第8話

 器用貧乏って、本当にこの世にいたりするのだろうか。俺は絶対にその言葉に当てはまらない人間だから、何となく、そういう新しい世界に惹かれたりもする。けれど、器用貧乏って言われる人たちは、きっと、虚しさであるとか、理想と現実の差にもがいたりするんだろうと、ふんわりとではあるけれど、察している。

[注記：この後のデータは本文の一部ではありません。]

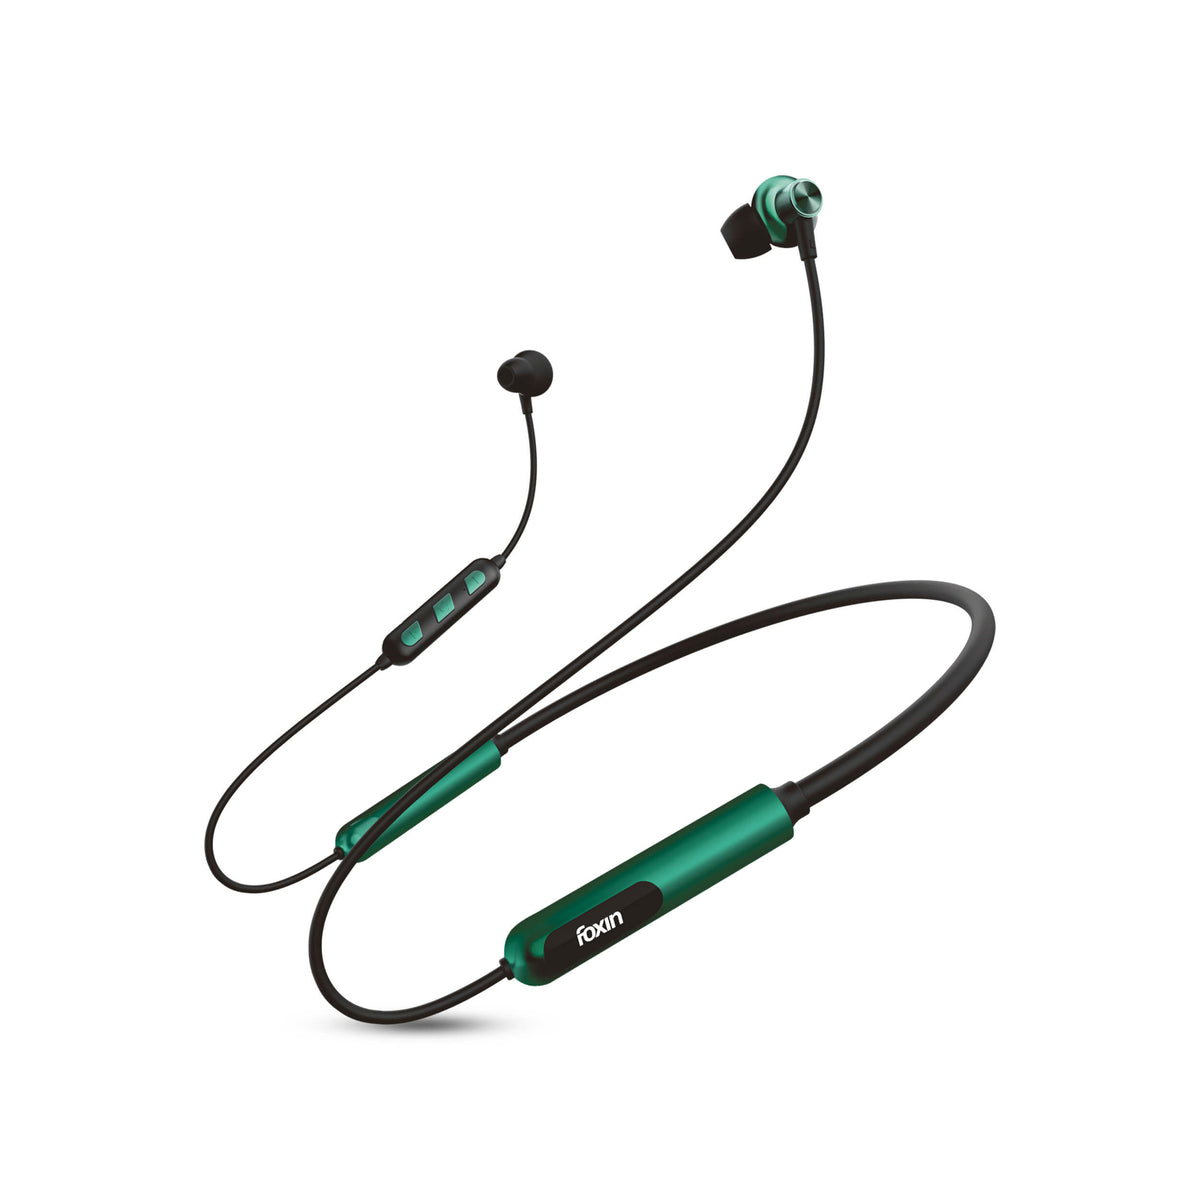 Foxin FoxBeat 210 Music Neckband Earphones | Made in India - Ideal for Music &amp; Games, 180 Days Warranty
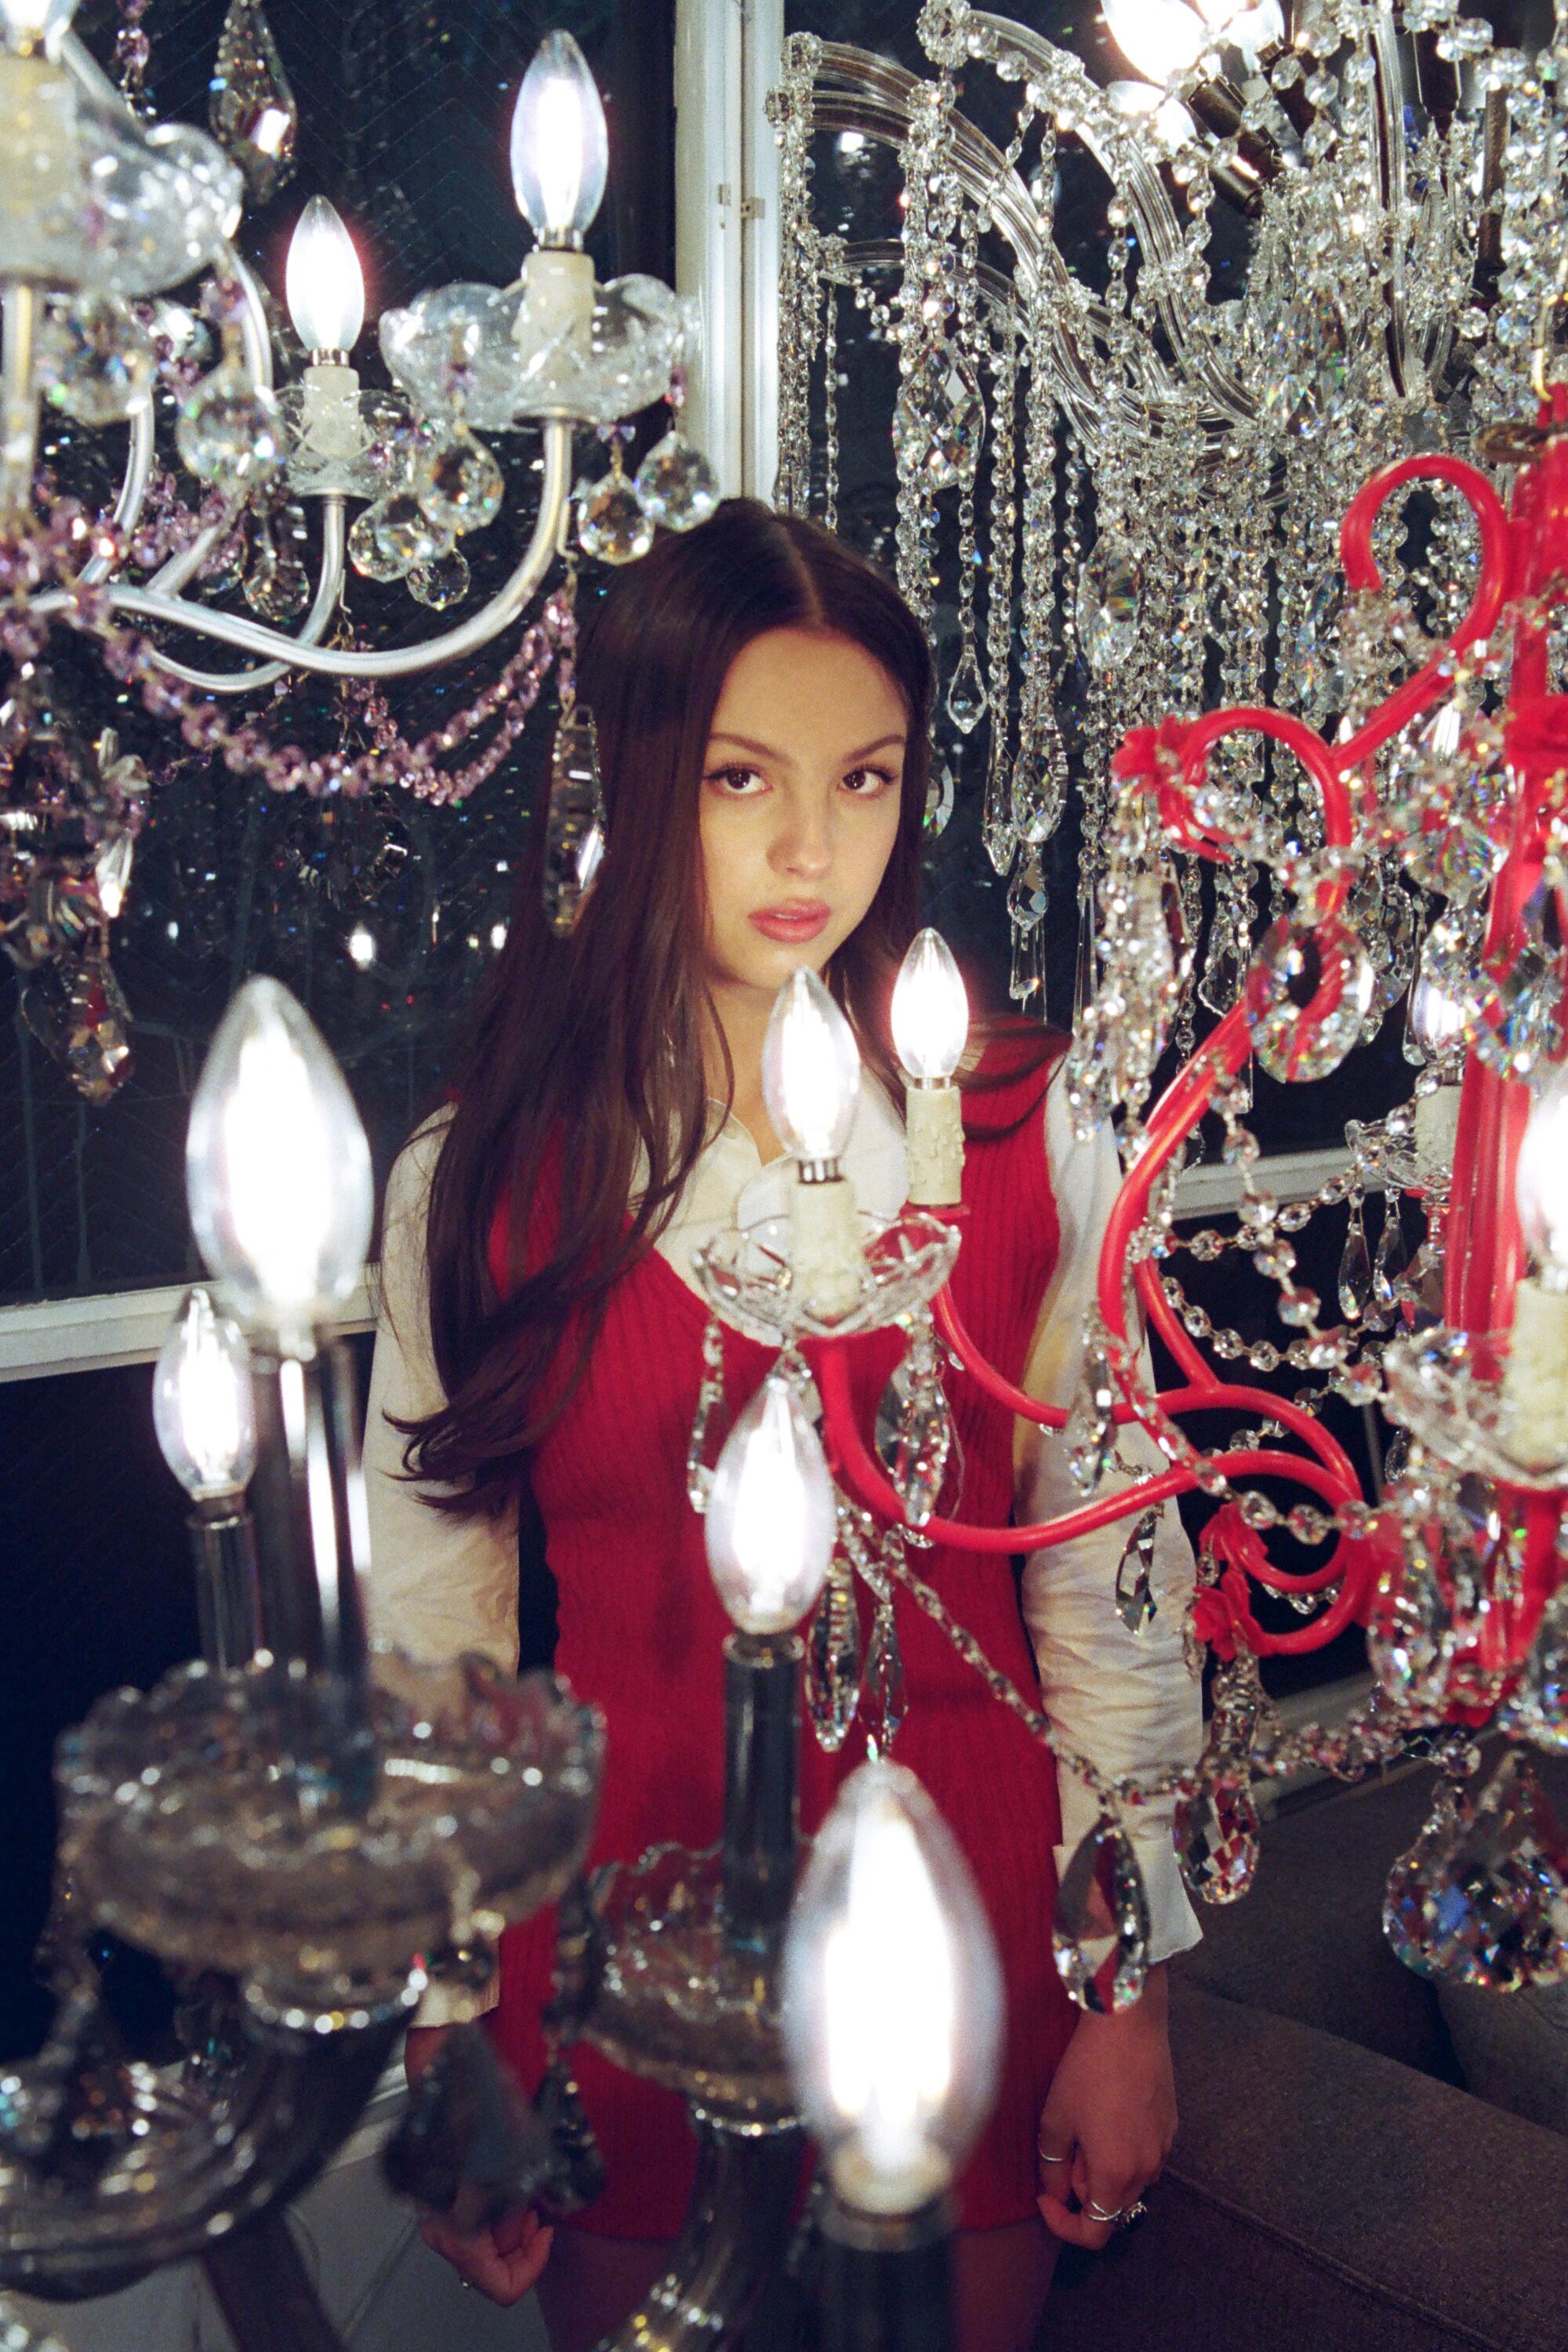 Olivia Rodrigo stands by chandeliers at George's Lighting Plus on Hollywood Blvd.

 対する、猪突猛進型の俺にだって悩みはある。馬鹿だな、とか、もっと言葉をたくさん知っていたら目の前の状況が良くなっていくのかもしれないのにとか。馬鹿は馬鹿なりの悩みがある。それを口にしても、そういう場面に遭遇しても、決まって周りは「馬鹿だな」と一蹴するだけなのだけれど。その度、お前が言うな、という気持ちと、そうだよな、という素直な俺が見え隠れする。そういう時にも、上手い回避方法の引き出しをたくさん持っていれば、なんて、無いものねだりをしたりして。自己嫌悪だって、勿論、ある。



「佐島、今日のメニューは何だと思う?」

「卵焼きは確定です」

「おー正解」

「激熱ですね」


 パチンコのおっさんか、と隣に座りながら吐いて、小さな弁当箱を佐島に渡す。

 佐島が俺の家に来て以来、佐島があまりにも母ちゃんの料理を旨いと食べるものだから、気を良くした母ちゃんが佐島の分まで弁当を作ると張り切りだしたのだ。本当に良いのか、迷惑なら遠慮しないで言ってくれ、と一応佐島に断りは入れたのだが、佐島はほくほくした顔で、何だかつい嬉しくて、と零し、母ちゃんと俺に深々と頭を下げたのだ。その様子に、新聞に穴が開くほど読んでいた父ちゃんすら、目を丸くして佐島を見ていた。本当に佐島は、希少な人間なのかもしれない。


「母ちゃん、明日からフルーツも添えるって」

「え、そんな、頂けるだけで十分なのに」

「良いって、良いって。その代わり、お手伝いしてくれたら、母ちゃんも父ちゃんも喜ぶからさ」


 そこの所だけよろしくな、と俺は笑むと、佐島はこくりと頷いて、目をはた、と瞬かせて、また頷いた。

 何となく、何となくだが、佐島はきっと、家庭の愛情というものに疎いのかもしれない、と失礼な物言いかもしれないが、推測をしていた。作ってくれた手料理を食べるのは久々だ、とも言っていたし、母ちゃんの会話に、うんうんと頷きながら相槌を打っていた姿は、まるで小さな子供さながらであった。

 それでも、何故か佐島に家族の事を切り出せないでいた。何となく今っていう時期は、男子って家族を恥ずかしがる時なんだと思うから。俺は隠そうとしても、母ちゃんがあんな感じだから、学校でもちょっとした有名人だ。それに、島内唯一の茶園を営んでいるというステータスだけで、既に俺の家とは、というトピックが持ち切りになるのは、一時期の波ではあれど、1度や2度、それ以上の頻度で質問責めにあうのだから、もうすっかり慣れっこになってしまった。


「トマトがある」

「これ、島のブランド品なの知ってる?」


 首を横に振る佐島に、俺はしたり顔で胸を張って言った。


「俺の同級生がやってる農園でさ、結構有名なトマトなんだよ。ブランドだから高いけど、お友達価格って事でこっそりお手軽値段で頂いてる。旨いんだよ。全国から注文きてさ、うちが落ち着いてたらたまに手伝いに行くくらい」

「この島は、本当に色んな有名なものに溢れてるんですね」

「そうだな。観光的な収入が大半かもしんない。魚も旨いし、釣りスポットとしても有名なんだぜ。今度、釣り行く?」

「さ、魚は、顔が怖いので」

「変な奴」


 魚の顔真似をすると、佐島に冷たい目で見られた。辛い。


「…いいなあ。友達が多いと、色んな情報が得られて、得した気分になりますよね」

「そうだな。でも友達って数が多ければ良いってもんじゃないと思う。現にさ、ほら、俺とこうして話してるじゃん。俺っていうひとつの媒体だけで、色んな情報も、思い出も出来るだろ?得してるんだよ、お前」

「…そうかなあ」


 佐島は首を傾げて弁当を畳む。ごちそうさまでした、と手を合わせる姿がきれいで、育ちが良いんだな、とその度に思う。佐島は、言葉遣いもきれいだから、家庭環境がどうであれ、育ちや教育が、少なくとも俺とは全く違う方向でされていたんだろうな、と思っていた。


 今日も天気良いな、とふと零した独り言に、ずっと晴れていて欲しいですね、と思ってもいないレスポンスが返って来た事に、俺はニヤリとした。